右側の車窓。近鉄の線路が近づいてくる。しかし左側には貨物駅らしき建物と線路がある。なかなか忙しい眺めだ。そんな線路の流れが収束した頃に近鉄の駅が間近に見える。地図に烏森駅とあった。この先で私が乗った電車は左へ曲がる。遠く離れていく近鉄の複線の手前に近鉄に寄り添うような単線が見えた。貨物支線と間違えそうだが、あれでもれっきとした関西本線なのだ。あおなみ線は複線電化、関西本線は単線非電化。好対照な眺めである。

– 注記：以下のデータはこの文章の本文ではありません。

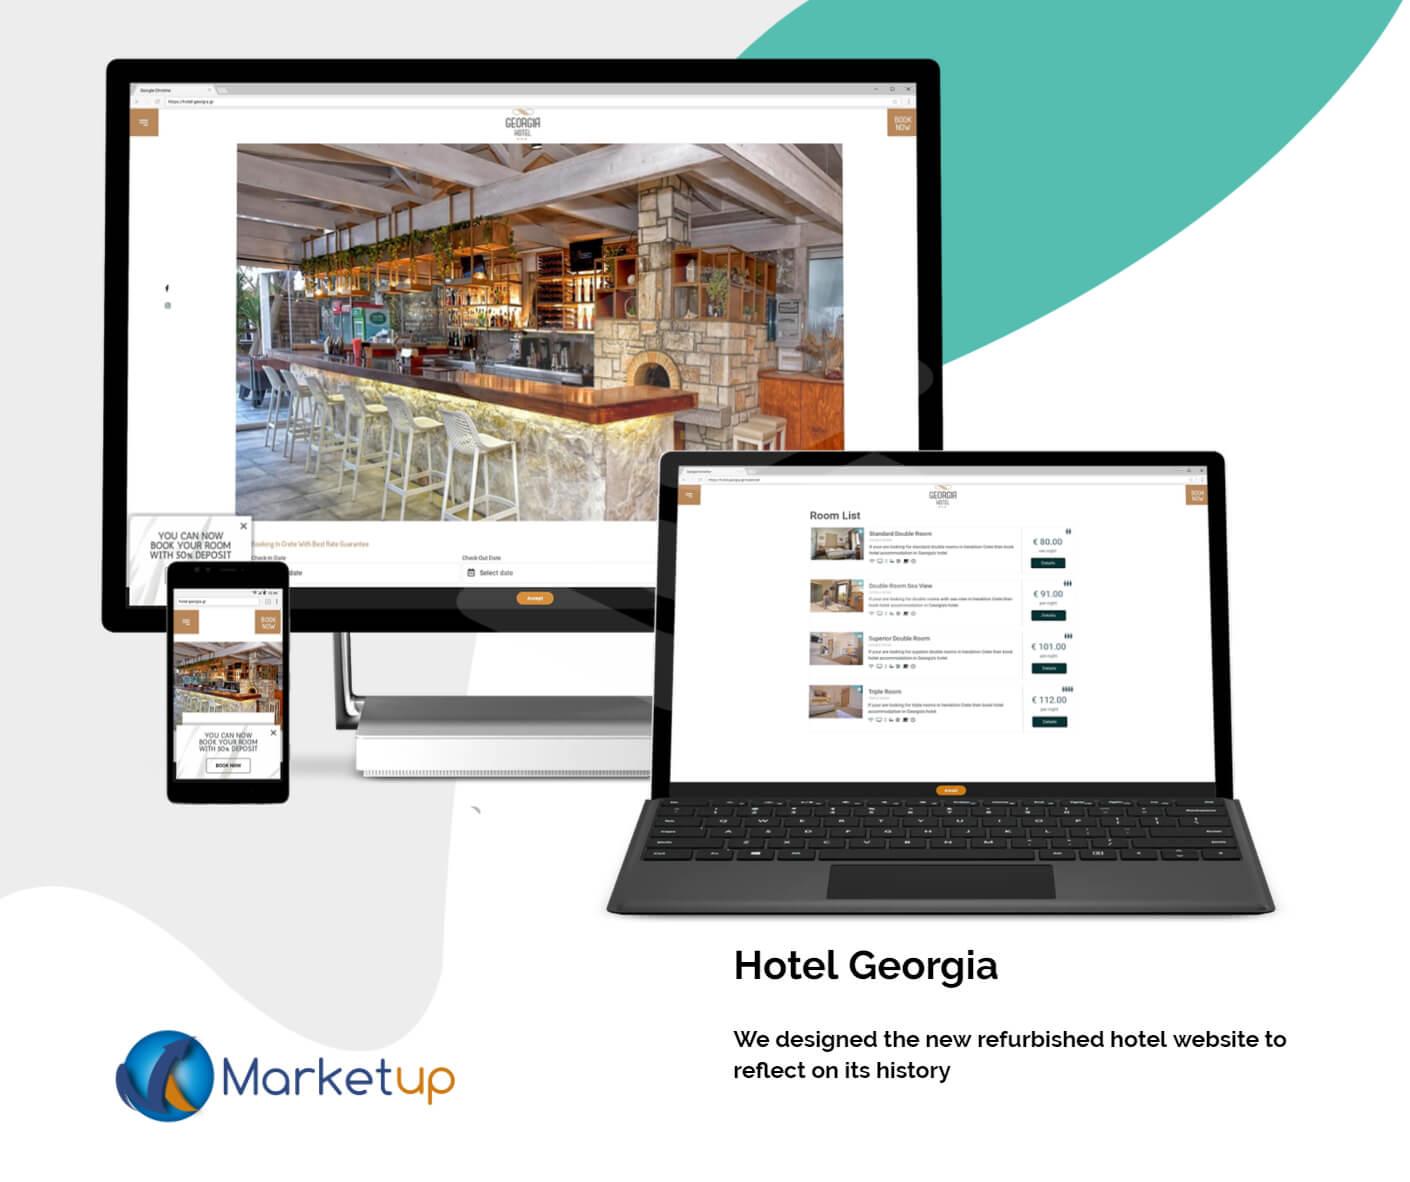 Online-Marketing-Marketup

電車は高架線を走っている。旅客化にあたって踏切渋滞を解消させるため高架にしたのだろうか。付近は住宅地が広がっている。大きな学校もあった。高い建物がないので、どの屋根も日光を浴びている。緑は少ないが健康そうな住宅地だと思われる。小本駅。こういう場所には駅が必要じゃないか、というあたりで電車が停まった。路線を計画した人と私の気持ちが一致したようで嬉しい。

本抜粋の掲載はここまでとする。